# Read the Data from Yahoo Fiance Remotely For One Stock

Using package `pandas_datareader` to read data remotely: <sup>[[1]](#ft1)</sup>
+ use `pip install pandas_datareader` to install `pandas_datareader` in shell

In [None]:
import pandas as pd
# REF: https://pandas.pydata.org/pandas-docs/version/0.18.1/remote_data.html#remote-data-yahoo
# Install pandas_datareader first.
import pandas_datareader.data as web
import datetime

start = datetime.datetime(1970,1,1)
end = datetime.date.today()
# read data from Yahoo Fiance Remotely
BHP = web.DataReader("BHP", "yahoo", start, end)

In [None]:
type(BHP)

# How to Obtain the Company List of an Industry

1. Website: https://finance.yahoo.com/sector/ms_basic_materials
2. Select the filter
3. Copy the list to txt, and get the company name via regex

In [9]:
import re
from collections import defaultdict
import pandas as pd
import pandas_datareader.data as web
import datetime
import os

def getIndustryData(path: str, start: datetime.datetime, end: datetime.datetime):
    # read the txt file
    with open(path, 'r') as f:
        f = f.readlines()
    # identify the symbol pattern of the company
    pattern = re.compile('(?<=^)[A-Z-]+(?=\t)')
    
    company_list = []
    # get the company list
    for line in f:
        company_list.extend(re.findall(pattern, line)) 
        
    company_dict = defaultdict(pd.core.frame.DataFrame)
    for c in company_list:
        # read data from Yahoo Fiance Remotely
        try:
            company_dict[c] = web.DataReader(c, "yahoo", start, end)
        except:
            print(c)
        
    return company_dict

def toCsv(d: dict, folder: str):
    # store the data into data folder
    # REF: https://www.jianshu.com/p/dde02a88a5c1
    root_path = os.path.abspath(os.path.dirname(os.getcwd()))
    data_path = os.path.join(root_path, 'data')
    path = os.path.join(data_path, folder)
    try:
        # REF: https://www.geeksforgeeks.org/create-a-directory-in-python/
        os.mkdir(path) # create the corresponding industry direction
    except:
        pass
    for k,v in d.items():
        file = path + '/' + k + '.csv' # file location
        v.to_csv(path_or_buf = file, index = True)

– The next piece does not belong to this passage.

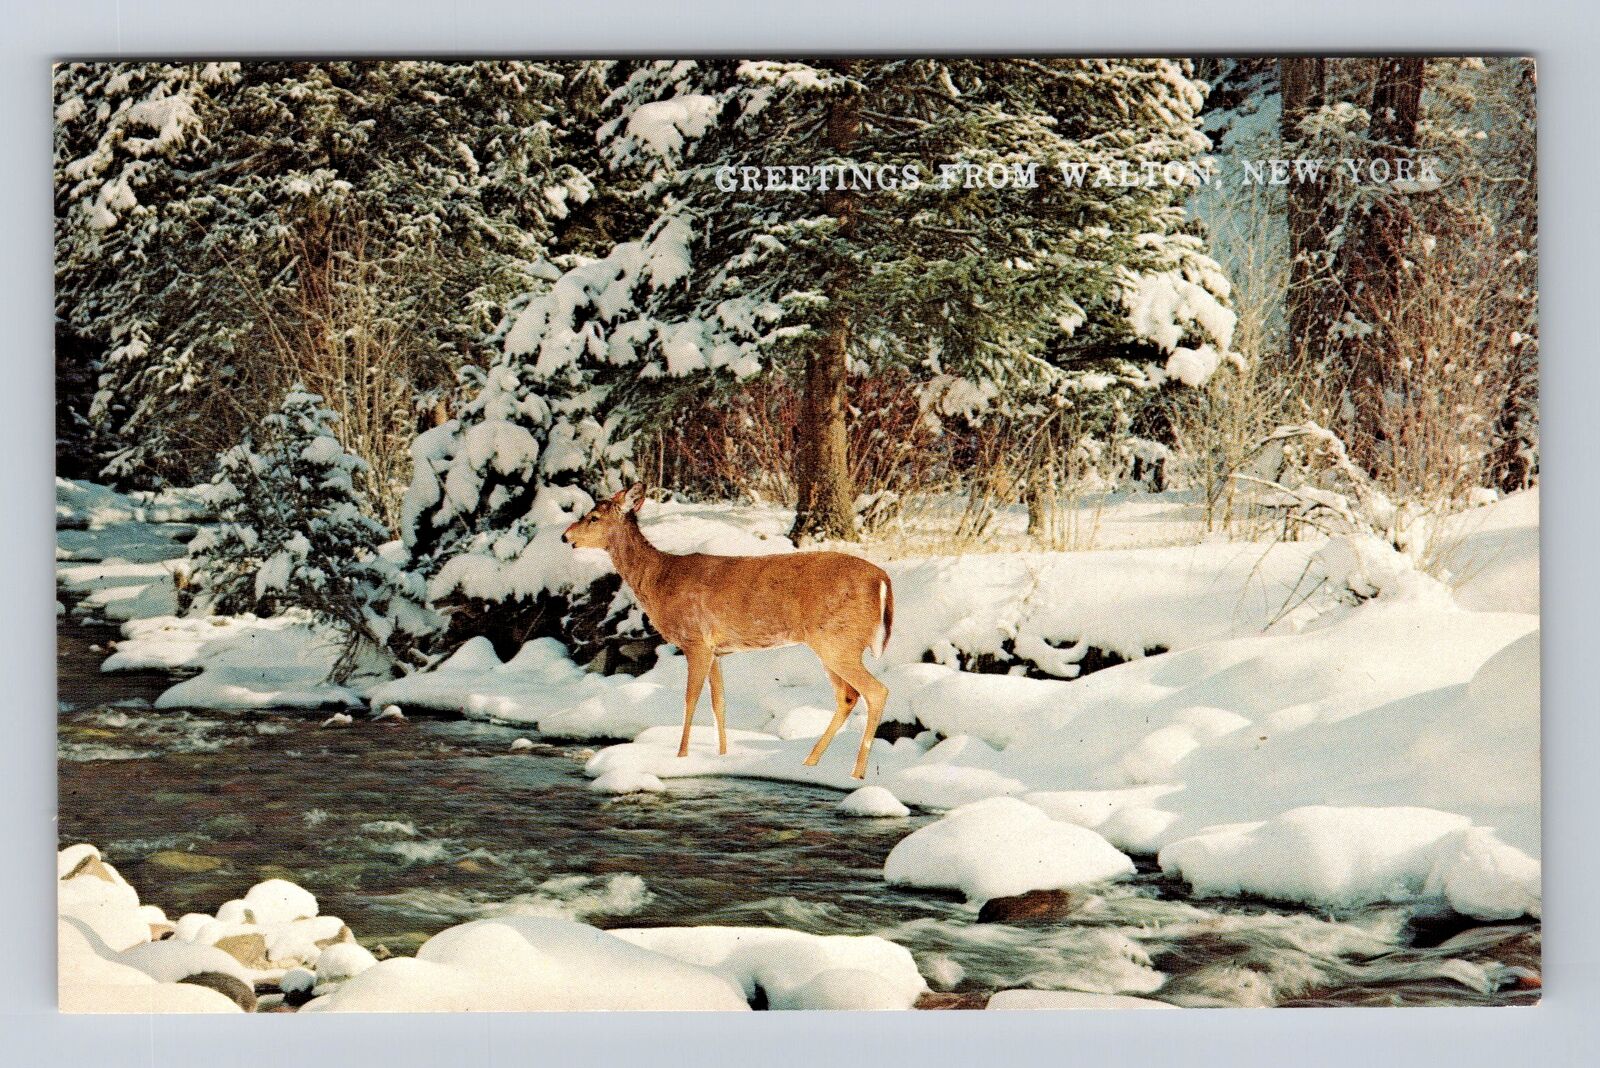 Walton NY-New York, General Greetings, Deer in Winter Scene, Vintage Postcard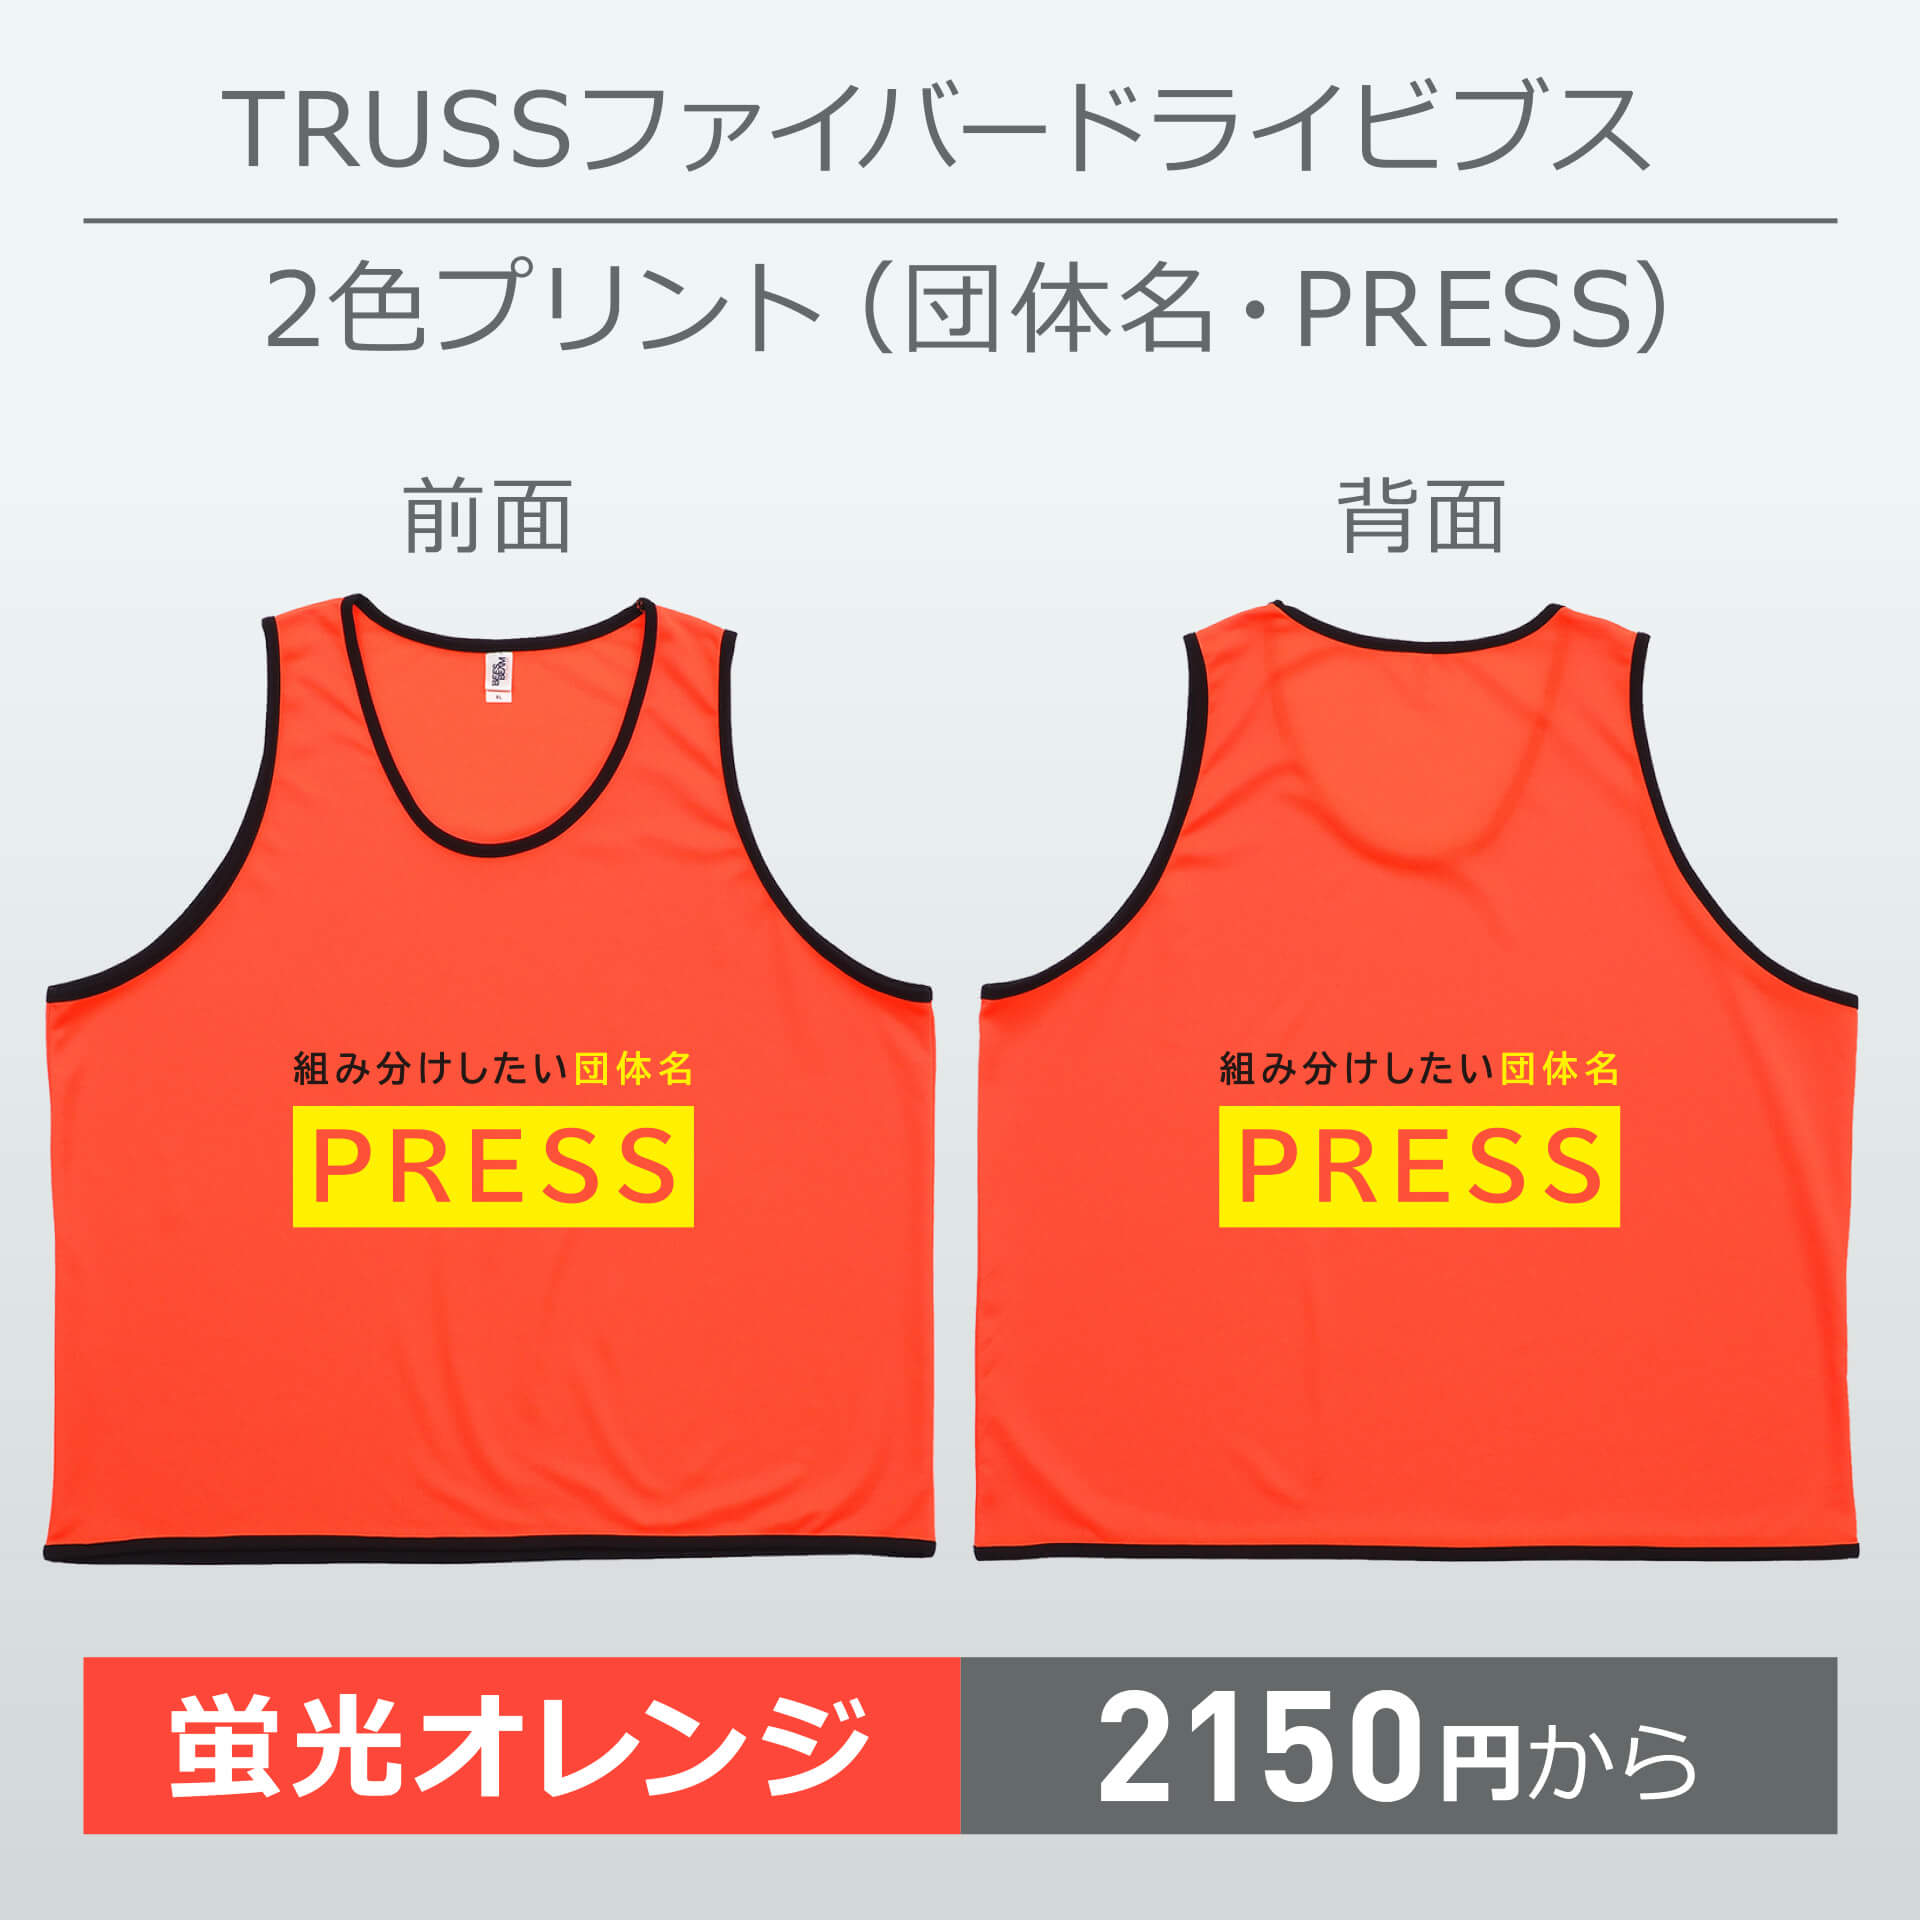 トラス・ファイバードライビブス・2色プリント(団体名・PRESS)・蛍光オレンジ

start = datetime.datetime(1970,1,1) # start time point 
end = datetime.datetime(2021,1,1) # end time point

## Agriculture

Filter:

|Attributes|Value|
|:--|:--|
|Prices| >0|
|Section|Basic Materials|
|Industry|Agricultural Inputs|
|Exchange|NasdaqGS<br> NYSE<br> Nasdaq<br> NasdaqCM<br> NasdaqGM<br>|

In [6]:
agri_dict = getIndustryData('./agriculture.txt', start, end)
# toCsv(agri_dict, 'agriculture')

## Energy

![](https://user-images.githubusercontent.com/22797017/115959053-e398e100-a53c-11eb-9161-db98a1c912d6.png)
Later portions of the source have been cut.